Potevo piangere tutto il dolore che sentivo dentro il cuore, potevo essere me stesso senza dover fingere forzatamente di essere allegro e spensierato.
Piangendo mi appoggiai al muro e nel silenzio interrotto solo dai miei singhiozzi, sentii una risata sguaiata e non umana rimbombare nel corridoio. Alzando gli occhi offuscati di lacrime, vidi il Poltergeist Peeves, che si godeva quell’atmosfera di caos e scherzi, contribuendo coi suoi.
Finsi di ignorarlo e lui sembrò fare lo stesso con me; ma, non appena raggiunse il corridoio principale, sentii le sue orrende filastrocche rimbombare per i muri della Scuola.
- Potterino si è deciso a confessare. Con uno dei suoi professori l’ho visto parlare. Erano vicini con gli occhi lacrimosi e il cuore pieno di sentimenti speranzosi. Potterino è scappato via piangendo. Il cuore infranto dal sentimento. Il professore sembra non ricambiare, l’amore che il giovane e stupido grifone voleva donare…
La voce del Barone Sanguinario echeggiò fino alle mie orecchie, Peeves si chetò di colpo e sparì dalla vista prima che uno dei professori sferrasse su di lui un incantesimo in grado di bloccarlo. Lui era uno spirito del caos, odiava stare fermo e zitto.
La Sala Grande era piombata in un silenzio surreale: mancavo solo io all’appello ed i miei amici e gli insegnanti sembrarono rendersi conto solo in quel momento di che giorno fosse e cosa significasse realmente per me. Continuando a piangere, raggiunsi la Torre di Divinazione e mi barricai dentro: non volevo vedere né sentire nessuno. Non volevo la pietà di chi era troppo preso dall’euforia del momento. Volevo poter piangere i miei genitori in pace, senza essere di peso a chi voleva godersi quella sera di festa in pace. 

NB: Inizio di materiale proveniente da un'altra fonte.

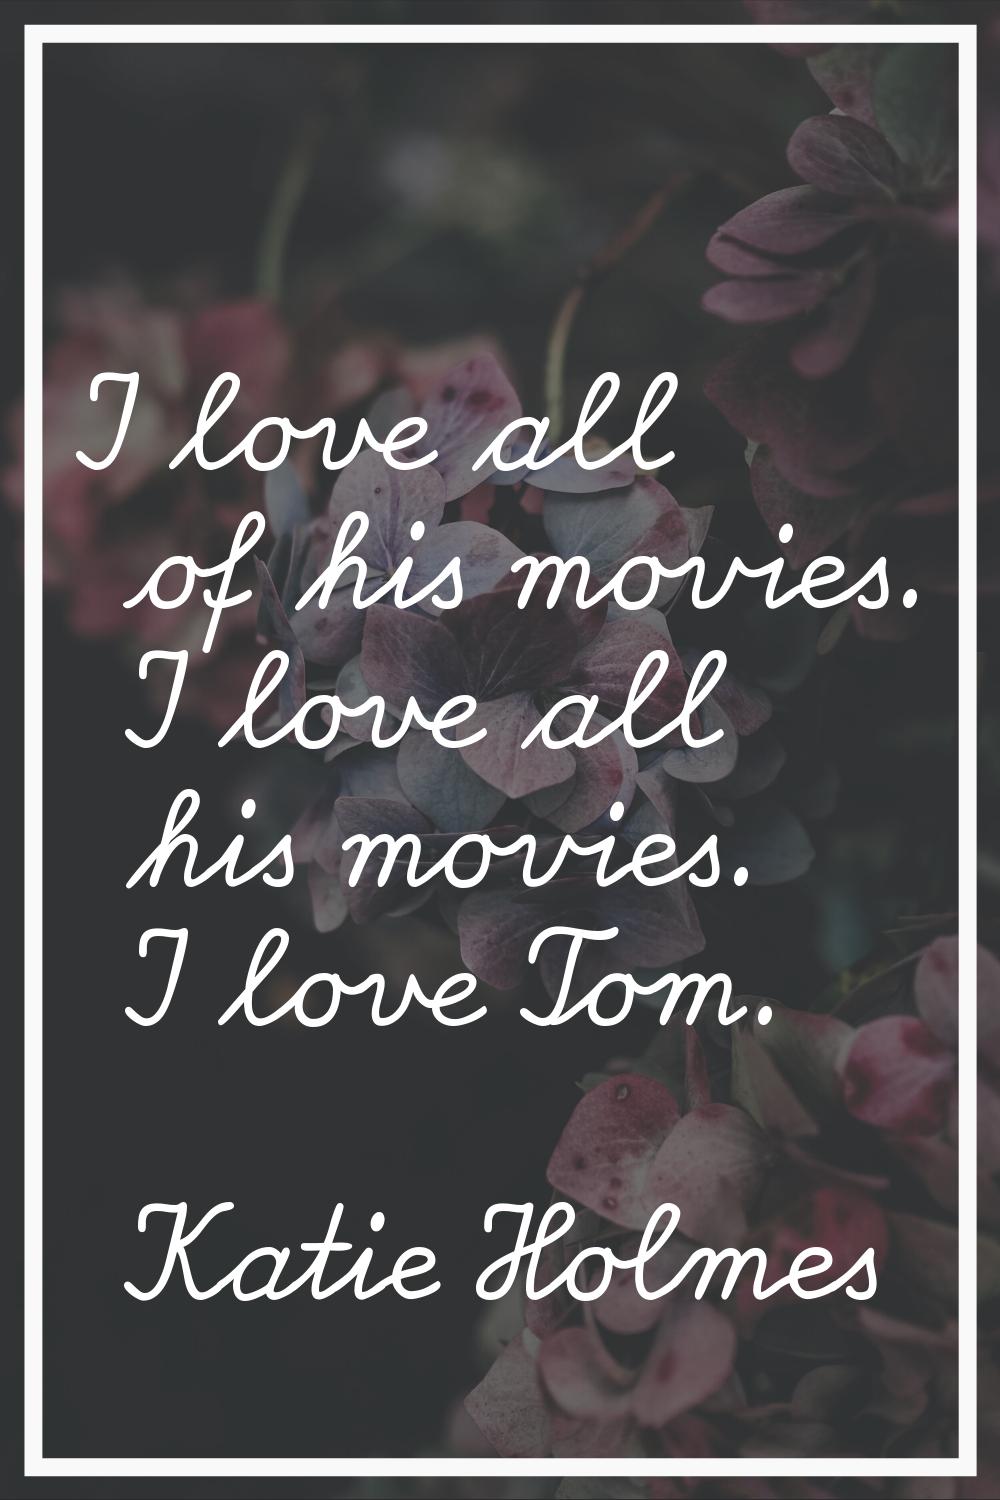 I love all of his movies. I love all his movies. I love Tom.

Mi accomodai in uno degli scranni vicino alla finestra e lì osservai il paesaggio. La luna rendeva quella serata meravigliosa ed io sorrisi pensando a ciò che poteva essere e invece non era stato.
Immaginai la mia vita coi miei genitori. Pensai a come sarebbe stato fare con loro “dolcetto o scherzetto”. Ai costumi creati per me dalla mamma, ai loro abbracci e ai loro baci durante uno scoppio di magia involontario. Pensai che… Che se un giorno fossi diventato padre… Avrei fatto di tutto per stare vicino a mio figlio, per non perdermi neanche un attimo insignificante della sua vita… I miei genitori non avevano potuto farlo ed io mi sentivo il cuore dilaniato a metà.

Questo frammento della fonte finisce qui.